# Do you believe.......



## Maxi'sMinis (Nov 18, 2009)

About a year and a half ago we had to put down our dearly loved bathroom kitty, Tooey. Everyone that used the bathroom was accompanied by Tooey. If she saw you head toward the BRoom she would make a beeline in there before you closed the door. If she missed it she would lay down and put her paw under the door fishing around until you opened the door and let her in. Tooey would stand on her hind legs and stretch up on your leg and reach up with her paw to touch your face when you were sitting on the thrown. Lol Just to say she loved you, she was the dearest thing you ever saw.






Well for several months after Tooey died we would see her on occasion. It would be a shadow going from her home base my daughters room. Into the bathroom. For the last several months I haven't seen Tooey or felt her.

For the last couple weeks Kristina my daughter who was owned by Tooey has really been missing her. They were together most of Kristina's life. Kristina has been begging for a cat and looking at pictures of Tooey and saying I want a cat, pleeeease.. I miss Tooey. Begging and begging.

Today my hubby calls me from work, he is in the beginning stages of putting up a dormatory at MD Univ and he says they lifted up a bucket of dirt with a huge backhoe while digging a trench and there in the muddy dirt was a teeny tiney kitten. The workers thought it was a rat. But then decided to bring it to my husband.

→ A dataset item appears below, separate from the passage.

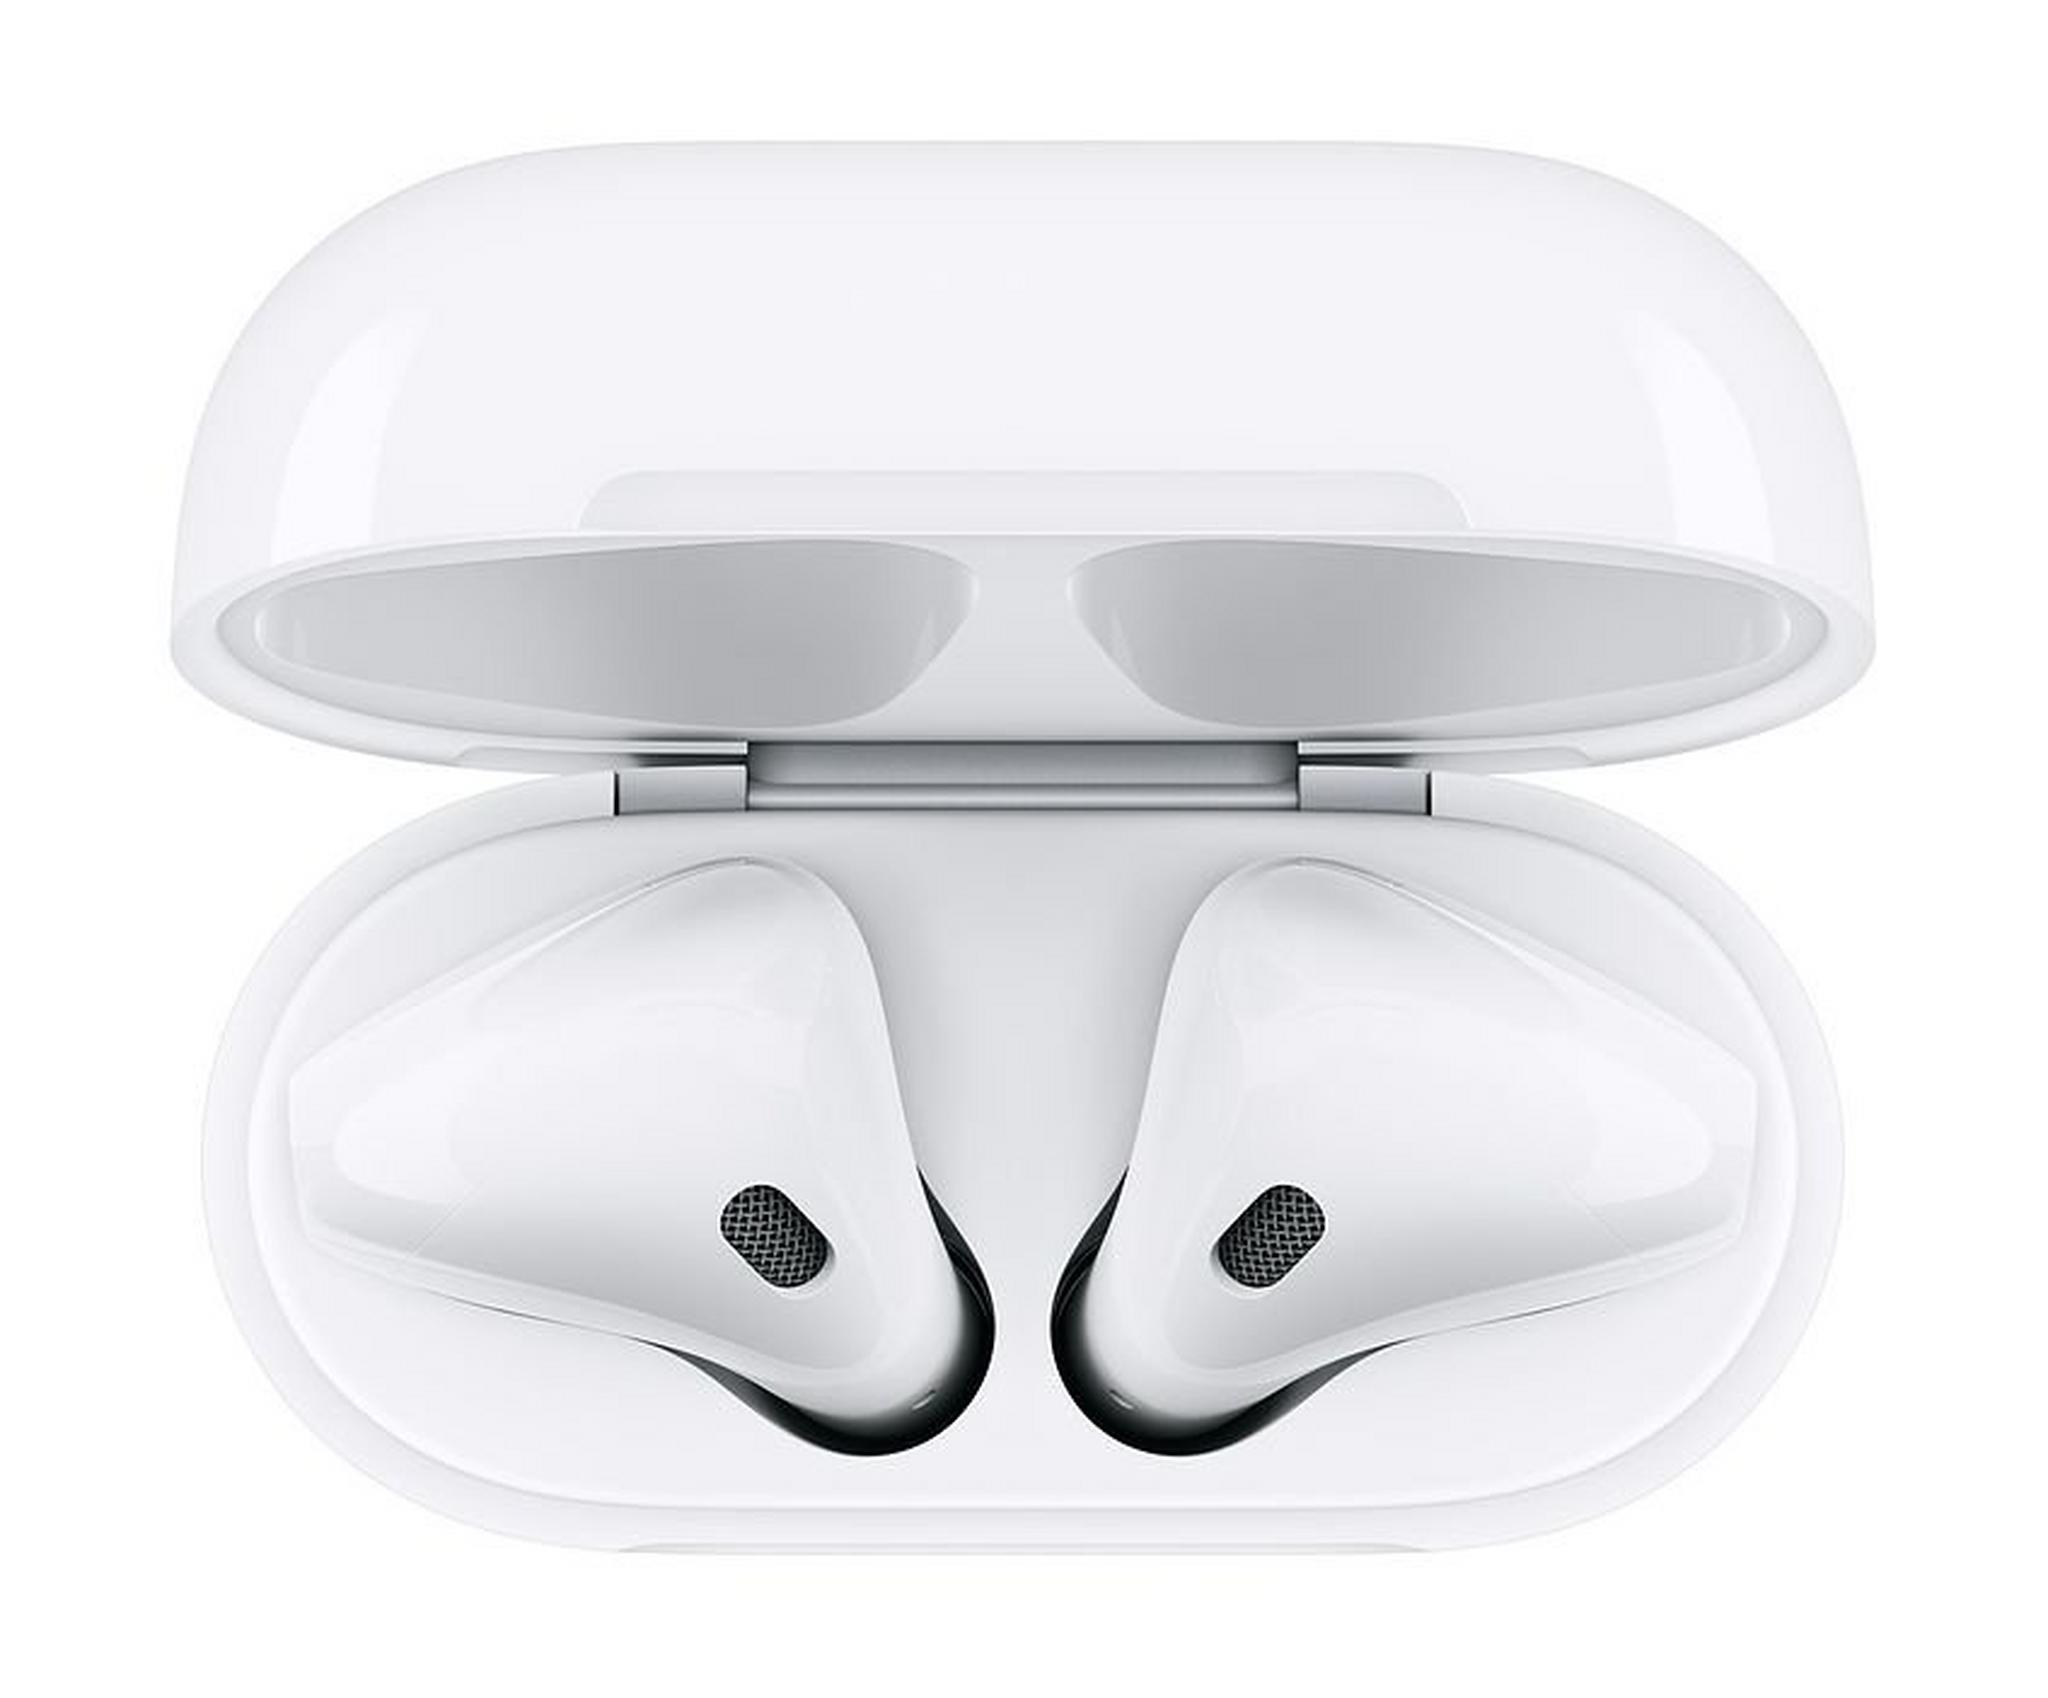 Apple Airpods 2 wireless charging - MRXJ2

Oh well tough ole Jeff (hubby) takes one look at it and says I'll take it. He said he almost started to cry when these 2 little blue eyes looked right up at him with this mud covered face and body.

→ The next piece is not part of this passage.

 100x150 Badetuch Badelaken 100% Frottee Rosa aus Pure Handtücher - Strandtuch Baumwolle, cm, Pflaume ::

Well we commute together and he left early to come get me with his little bundle. What a tough guy, lol.

To get to my main point, I think this is Tooey. This kitten looks at me just like Tooey did. I've had a lot of cats and I know that Tooey look and personality. She is even built like Tooey. Well you could say I have one happy daughter. She sees it also. Here is the little orphan, these are phone pics sorry they are blurry and she is really tiny, fits in one hand. I think her name is going to be Periwinkle says Kristina.








I currently have and have had pets that seemed to be pets we have had in my past.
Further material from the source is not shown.